I gave all that I had to cover the mileage that day. Nervously, I mulled over how I should break this to Laurel. I knew without any doubt whatsoever that I could not repeat today. I knew that I would not be able to finish such a distance tomorrow -- it would lead only to me running out of energy, in the middle of nowhere. A dangerous game. We went to find a motel room in town. One of the motels was, to our great surprise, completely full! We circled back to the other, and actually got the very last room available. Someone called just as Laurel got the room, asking if there were vacancies. So we did have some luck playing in our favor, at the very least. Indeed, for all the challenges, we must have some fortunate following us and protecting us when most important, though not always when most wanted. Such is the way of things, and I need to remind myself of that good favor. We had a room for the night, at the Branding Iron Motel in Faith SD, the only town for at least 45 miles. We had covered 83 miles.

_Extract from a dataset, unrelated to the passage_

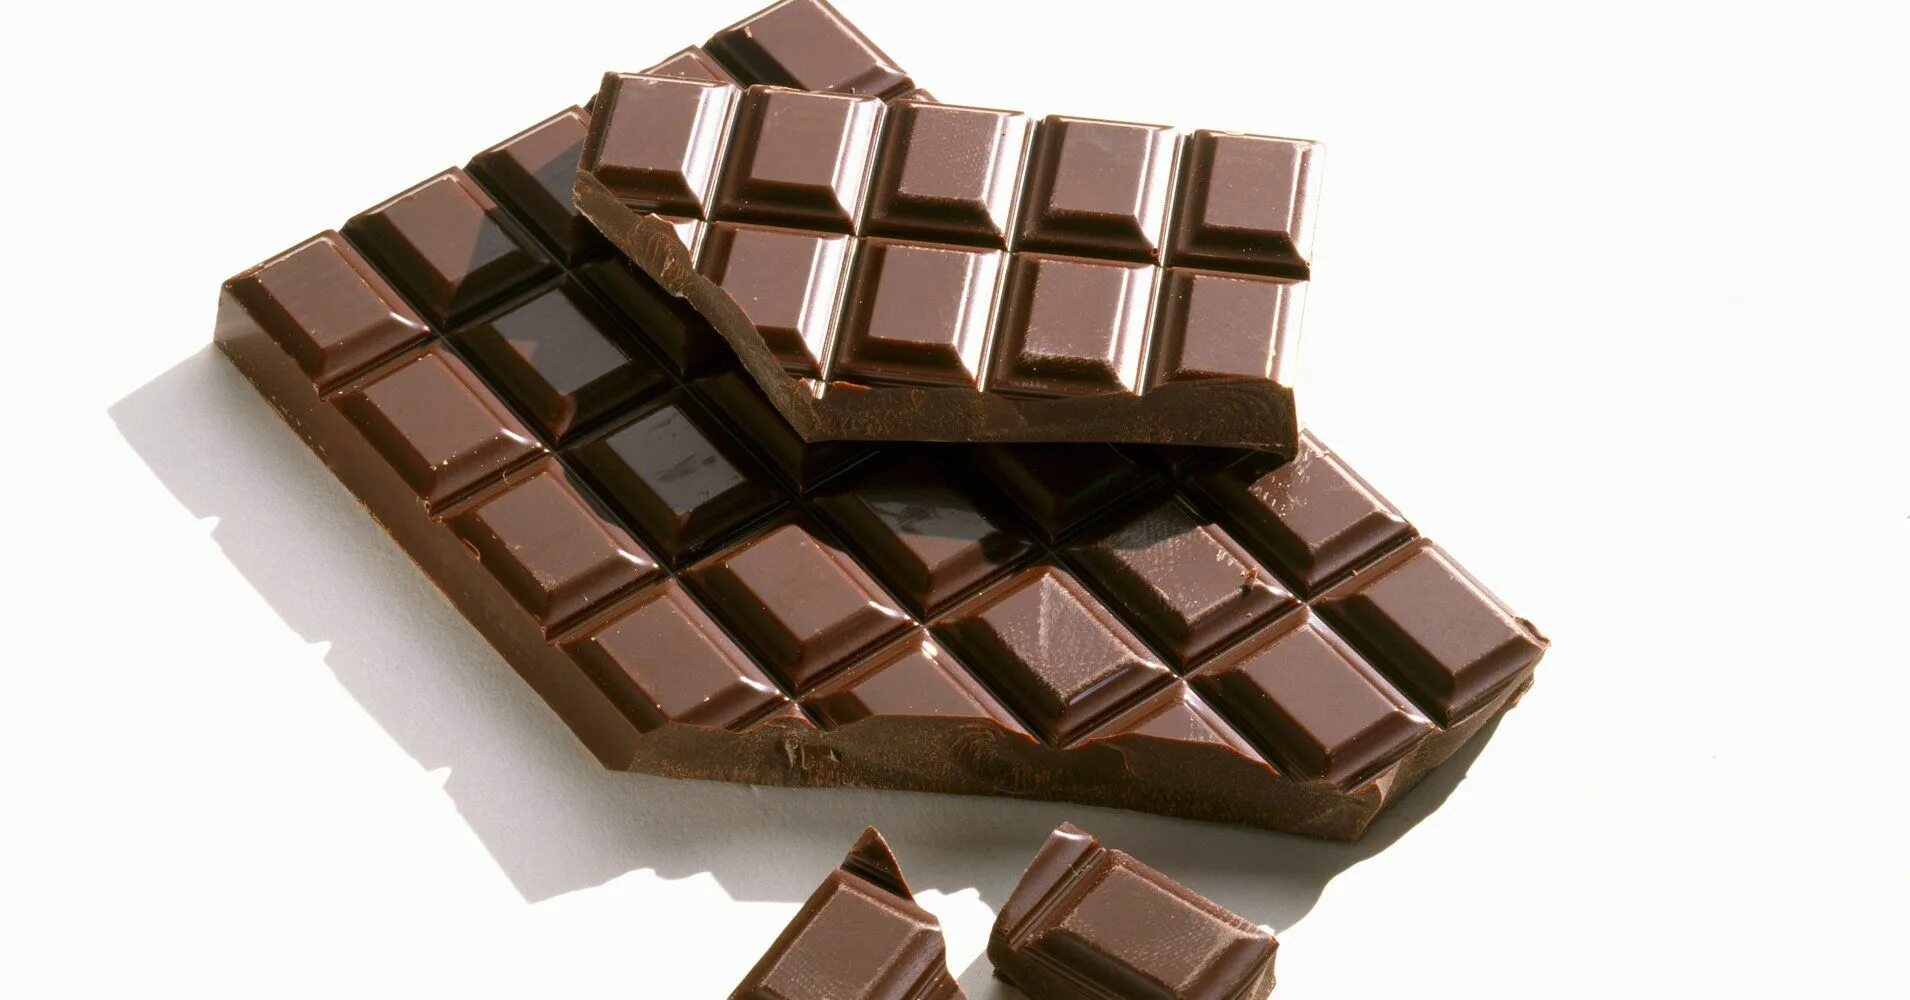 Bar of chocolate. Плитка шоколада. Аппетитная плитка шоколада. Маленькая плиточка шоколада. Технические шоколадки.

I avoided saying anything about tomorrow all through dinner, and I did not work up the courage until near our bedtime. I had mostly curled up on top of the bed, feeling so nervous. Then, I finally admitted that I did not think I could ride tomorrow. I know Laurel is very strong and can seemingly go on forever, even though the going is tough. But I hoped that she would be able to recognize some of my reasoning and luckily she assented.
But hey! Faith is a nice little town, and who would have guessed it is also the self proclaimed T-Rex capital of the world. The most complete fossil of a T-Rex, called Sue, was found about 15 miles from here. So there is a little museum, and I know I for one will enjoy a day off the bike. A chance to refresh and make our push to the border. We have about 500 miles to go, so wish us luck!